Ms Judith A. Gordon: Well, Your Honor I don't obviously the question is not clearly presented by this case, I would think certainly that an exclusion like that with parallel cases like Graham v. Richardson, with parallel cases like Sugarman v. Dougall, where the foreclosure on the access of the alien to a substantial program which is very meaningful to him, would indeed probably burden his access or burden his ability to enter and abide in the United States inconsistently with the Truax doctrine.

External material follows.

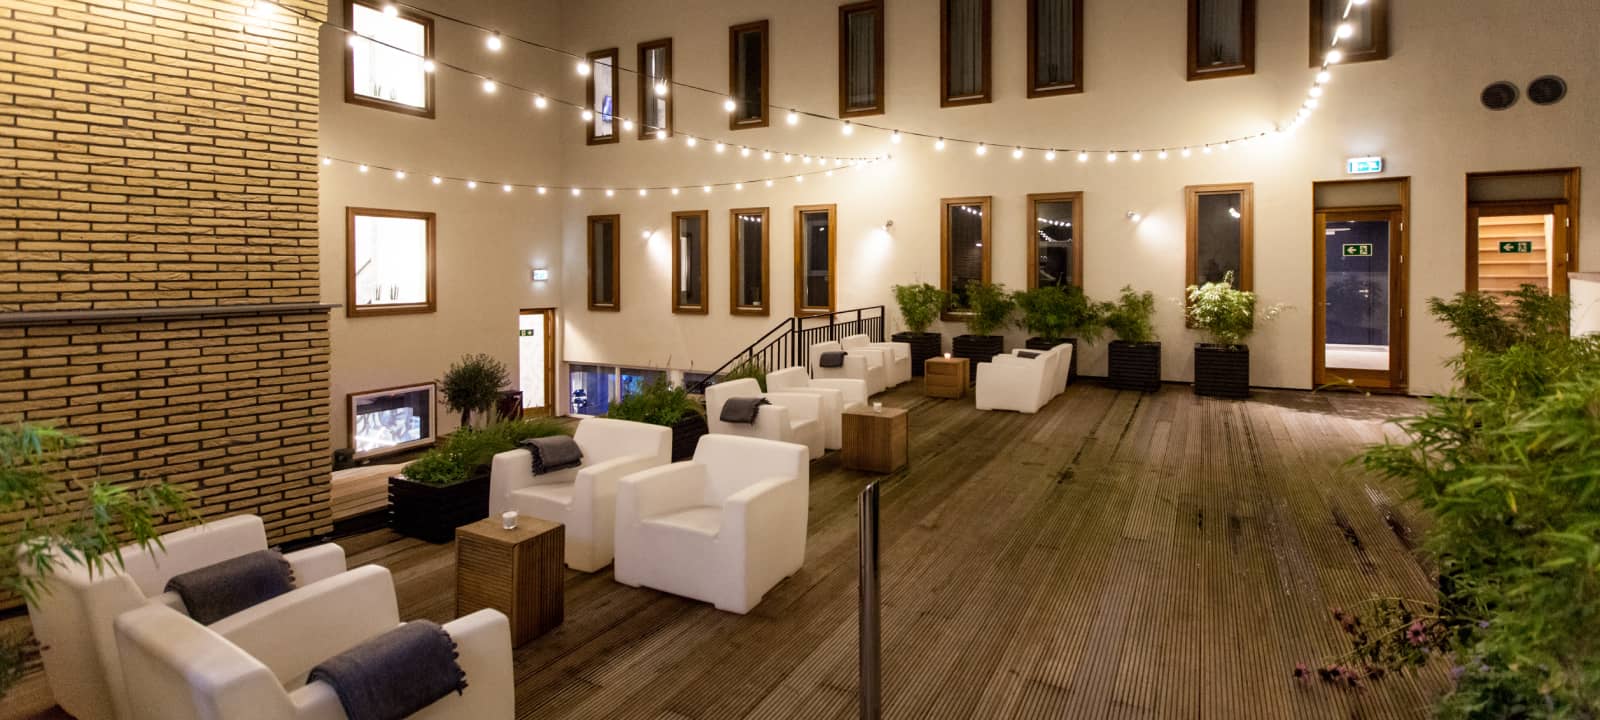 Internal patio of building with wooden terrace, white benches and plant decoration | Kaboom Hotel

Unknown Speaker: Could you charge the alien with non resident tuition equal top what you charge non-resident students and who are shifted to United States?
Ms Judith A. Gordon: Your Honor, that issue was considered in a recent lower court case and held that all aliens could not be classified in terms of -- as non residents for reduced tuition purposes and I think that example again, that's a much more substantial barrier?
Unknown Speaker: Do you confine your loan and scholarship programs to residents in New York?
Ms Judith A. Gordon: Yes we do Your Honor.
Unknown Speaker: Hence that they are residents or citizens of New York?
Ms Judith A. Gordon: No, no Your Honor merely to be a resident of New York is not be a citizen.
Unknown Speaker: When do you get to be a citizen?
Ms Judith A. Gordon: Well, a citizen of New York.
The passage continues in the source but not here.